Saved data entries
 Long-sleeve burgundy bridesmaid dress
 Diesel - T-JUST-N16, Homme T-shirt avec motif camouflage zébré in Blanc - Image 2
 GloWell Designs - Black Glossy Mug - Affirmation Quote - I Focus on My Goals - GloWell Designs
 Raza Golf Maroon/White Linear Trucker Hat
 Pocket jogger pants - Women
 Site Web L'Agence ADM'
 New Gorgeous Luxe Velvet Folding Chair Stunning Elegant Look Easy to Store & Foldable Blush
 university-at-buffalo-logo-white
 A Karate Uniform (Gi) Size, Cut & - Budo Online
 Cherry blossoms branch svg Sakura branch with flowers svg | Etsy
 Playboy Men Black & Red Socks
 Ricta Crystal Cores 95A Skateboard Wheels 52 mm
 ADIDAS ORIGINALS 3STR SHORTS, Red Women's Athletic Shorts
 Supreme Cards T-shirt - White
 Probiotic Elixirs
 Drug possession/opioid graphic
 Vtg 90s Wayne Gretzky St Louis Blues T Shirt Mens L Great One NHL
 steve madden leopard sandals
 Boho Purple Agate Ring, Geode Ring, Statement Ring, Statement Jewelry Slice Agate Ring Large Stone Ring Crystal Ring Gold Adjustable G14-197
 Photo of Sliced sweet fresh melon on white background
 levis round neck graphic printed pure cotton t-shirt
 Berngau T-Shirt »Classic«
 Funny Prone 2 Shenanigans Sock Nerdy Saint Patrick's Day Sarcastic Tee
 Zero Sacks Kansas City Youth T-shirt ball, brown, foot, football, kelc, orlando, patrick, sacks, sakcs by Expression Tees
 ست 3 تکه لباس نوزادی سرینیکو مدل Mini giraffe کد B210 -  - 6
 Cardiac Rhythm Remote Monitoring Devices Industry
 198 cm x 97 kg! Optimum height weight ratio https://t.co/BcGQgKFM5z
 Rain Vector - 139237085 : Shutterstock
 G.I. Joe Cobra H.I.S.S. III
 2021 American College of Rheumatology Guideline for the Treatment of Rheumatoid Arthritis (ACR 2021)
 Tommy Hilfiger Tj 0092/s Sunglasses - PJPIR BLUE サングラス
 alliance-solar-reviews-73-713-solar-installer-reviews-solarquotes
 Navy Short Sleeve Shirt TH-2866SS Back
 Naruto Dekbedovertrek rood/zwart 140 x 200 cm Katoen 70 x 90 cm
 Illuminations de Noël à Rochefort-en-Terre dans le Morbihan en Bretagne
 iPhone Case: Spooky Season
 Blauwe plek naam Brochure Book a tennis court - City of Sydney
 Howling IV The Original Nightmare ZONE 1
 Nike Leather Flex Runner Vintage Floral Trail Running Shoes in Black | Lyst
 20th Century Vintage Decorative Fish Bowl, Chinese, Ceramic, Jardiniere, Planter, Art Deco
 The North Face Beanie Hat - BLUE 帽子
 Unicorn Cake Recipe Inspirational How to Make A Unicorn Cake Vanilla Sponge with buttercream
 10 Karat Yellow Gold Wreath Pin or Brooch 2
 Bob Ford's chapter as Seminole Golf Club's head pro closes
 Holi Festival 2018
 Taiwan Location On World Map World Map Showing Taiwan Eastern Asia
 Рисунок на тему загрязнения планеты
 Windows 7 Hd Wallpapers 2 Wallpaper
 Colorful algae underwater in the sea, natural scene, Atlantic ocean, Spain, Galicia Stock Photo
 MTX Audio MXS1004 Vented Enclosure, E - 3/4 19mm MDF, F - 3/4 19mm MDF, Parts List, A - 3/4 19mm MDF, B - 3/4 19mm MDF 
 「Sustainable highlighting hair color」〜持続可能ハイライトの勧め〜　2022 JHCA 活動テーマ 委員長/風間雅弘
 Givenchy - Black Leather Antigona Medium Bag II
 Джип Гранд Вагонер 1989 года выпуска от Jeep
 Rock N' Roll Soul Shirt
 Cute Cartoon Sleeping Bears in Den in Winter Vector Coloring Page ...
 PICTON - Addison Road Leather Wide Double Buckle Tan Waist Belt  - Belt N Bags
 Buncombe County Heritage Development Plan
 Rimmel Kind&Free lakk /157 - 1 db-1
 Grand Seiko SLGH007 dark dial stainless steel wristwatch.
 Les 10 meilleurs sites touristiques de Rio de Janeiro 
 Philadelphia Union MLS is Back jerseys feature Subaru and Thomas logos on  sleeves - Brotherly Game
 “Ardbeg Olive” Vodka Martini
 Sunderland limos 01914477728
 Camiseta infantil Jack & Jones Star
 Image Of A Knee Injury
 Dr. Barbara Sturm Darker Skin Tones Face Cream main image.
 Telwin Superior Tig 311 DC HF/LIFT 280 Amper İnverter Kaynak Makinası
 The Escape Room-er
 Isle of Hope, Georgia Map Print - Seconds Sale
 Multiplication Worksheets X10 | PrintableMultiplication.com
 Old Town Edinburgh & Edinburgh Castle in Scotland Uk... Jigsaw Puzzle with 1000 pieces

→ What is being asked: Where a line in the entries holds the word "Gold", copy that line.

→ Exercise solution:
 Boho Purple Agate Ring, Geode Ring, Statement Ring, Statement Jewelry Slice Agate Ring Large Stone Ring Crystal Ring Gold Adjustable G14-197
 10 Karat Yellow Gold Wreath Pin or Brooch 2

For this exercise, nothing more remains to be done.